The line with "X-Men Marvels Snapshots #1" marks where to begin; print it and all lines after it in the material below exactly, skipping pictures.

_Provided material:_
=== Begin Enclosure ===
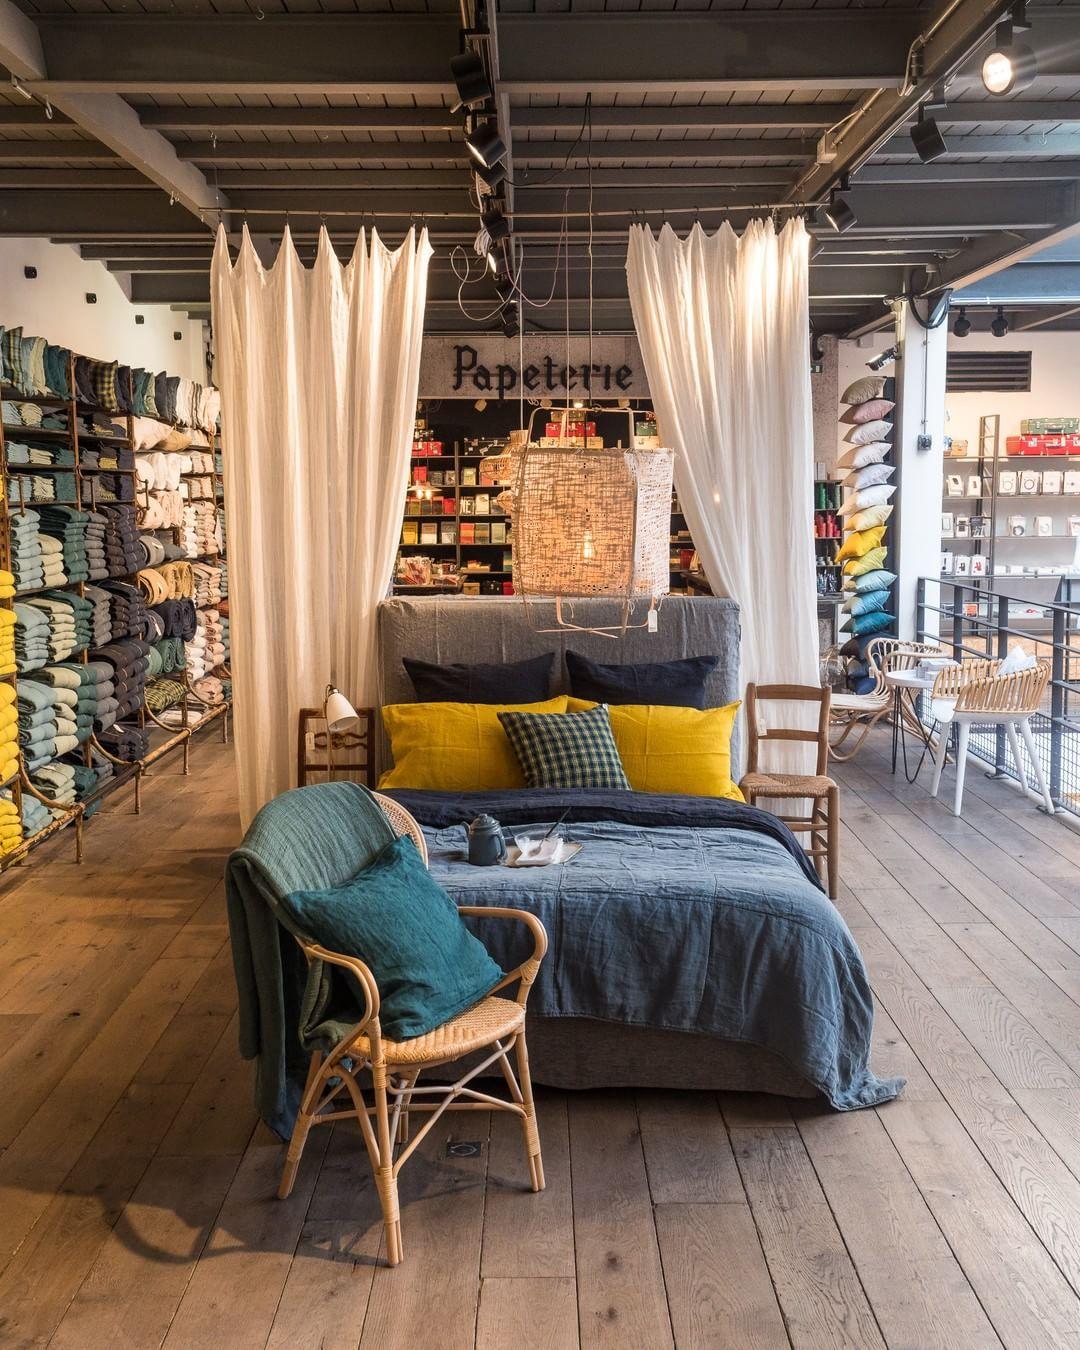 Cosy Atmosphere With This Color Palette Merciparis Mercilamaison Linen Bedlinen Color Palette Home Decor Linen Bedding
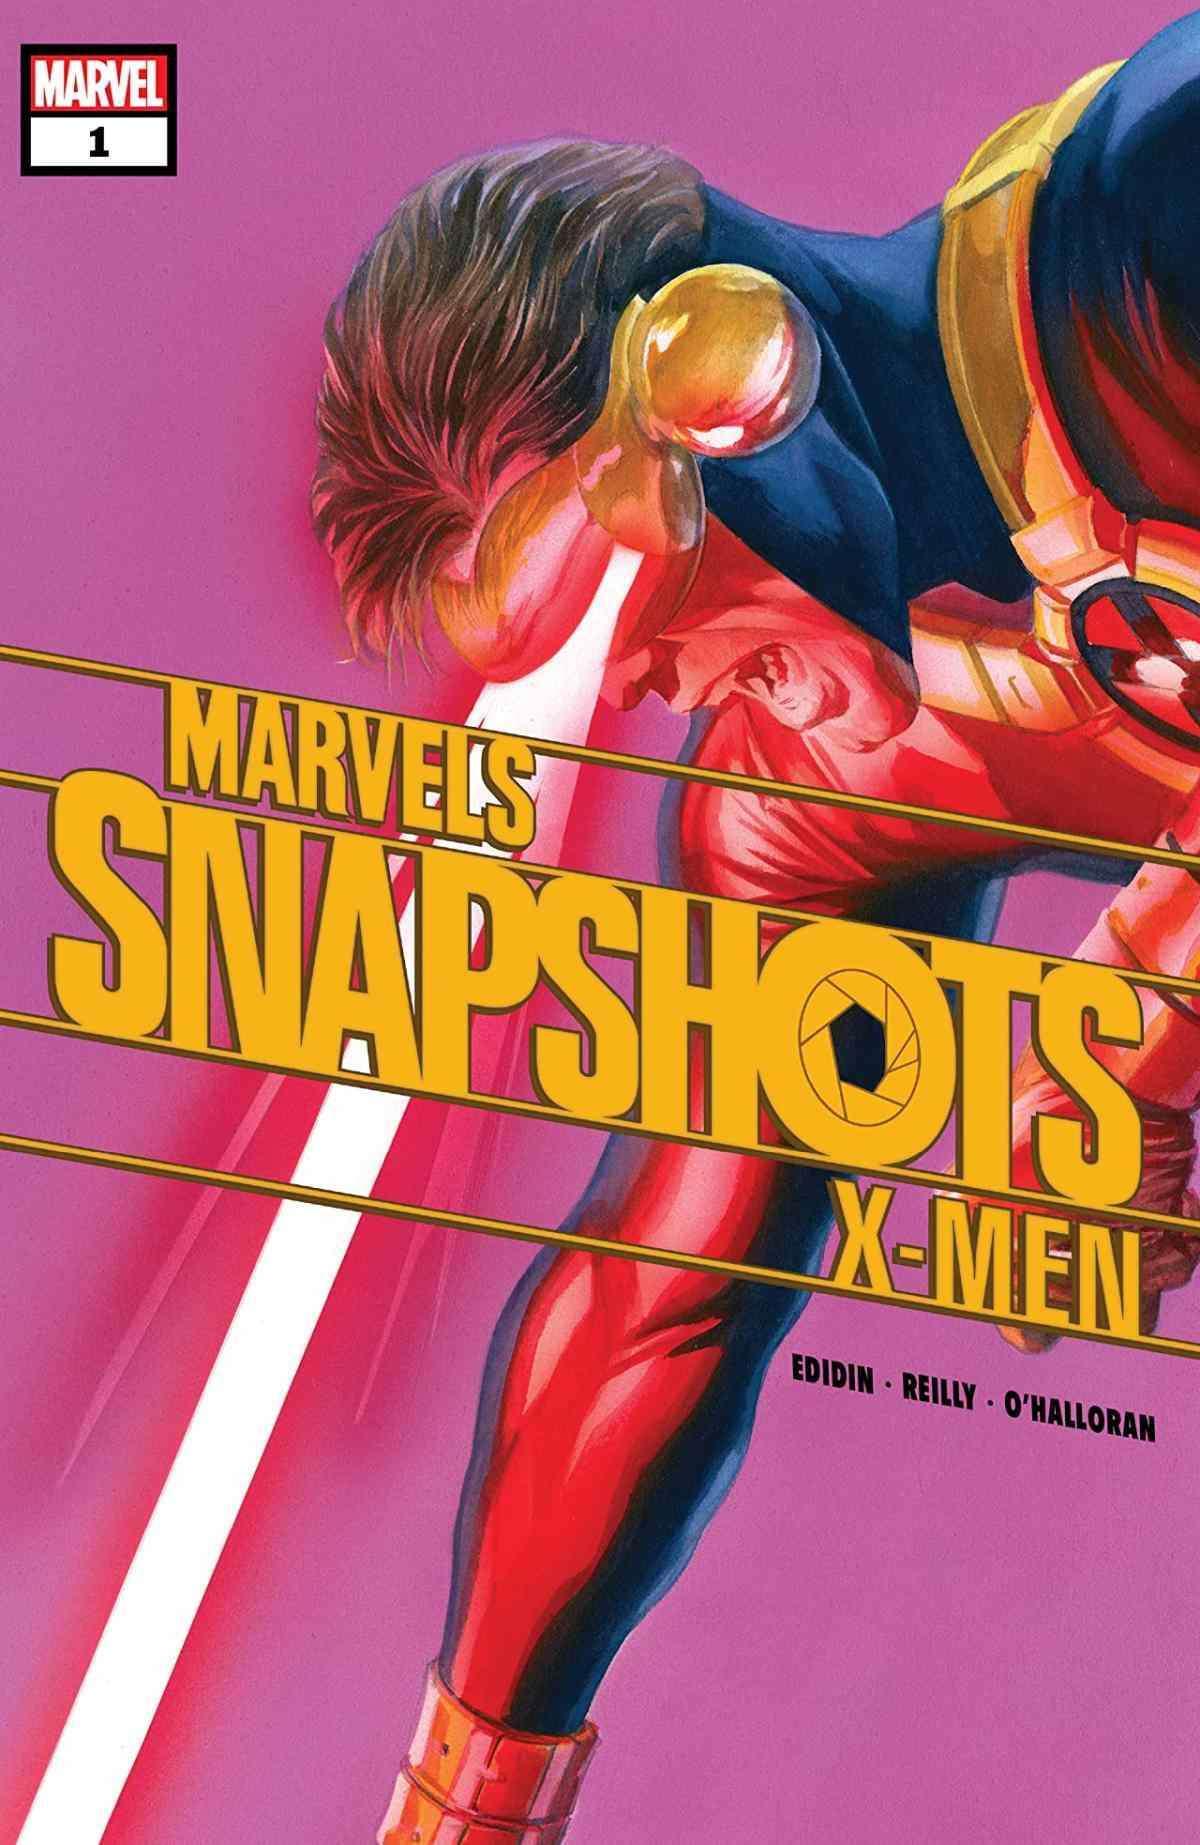 X-Men Marvels Snapshots #1
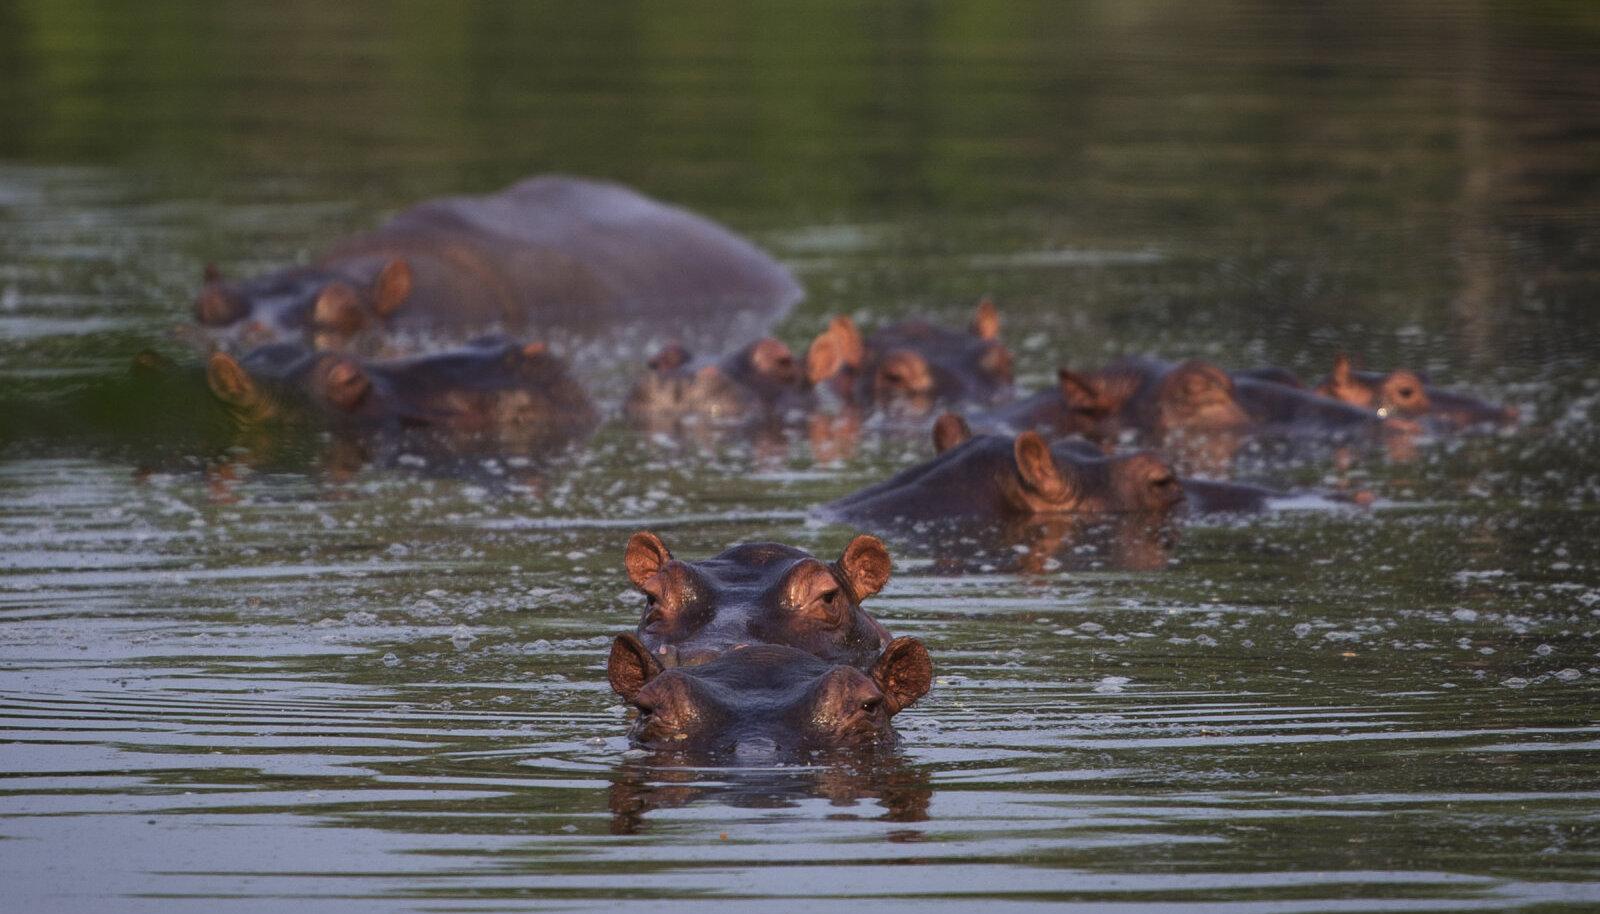 Jõehobud elavad jätkuvalt edasi ka Escobari kunagise rantšo kunstlikus järves. Pilt on tehtud selle aasta veebruaris.
=== End Enclosure ===
_Answer for this exercise:_
 X-Men Marvels Snapshots #1
 Jõehobud elavad jätkuvalt edasi ka Escobari kunagise rantšo kunstlikus järves. Pilt on tehtud selle aasta veebruaris.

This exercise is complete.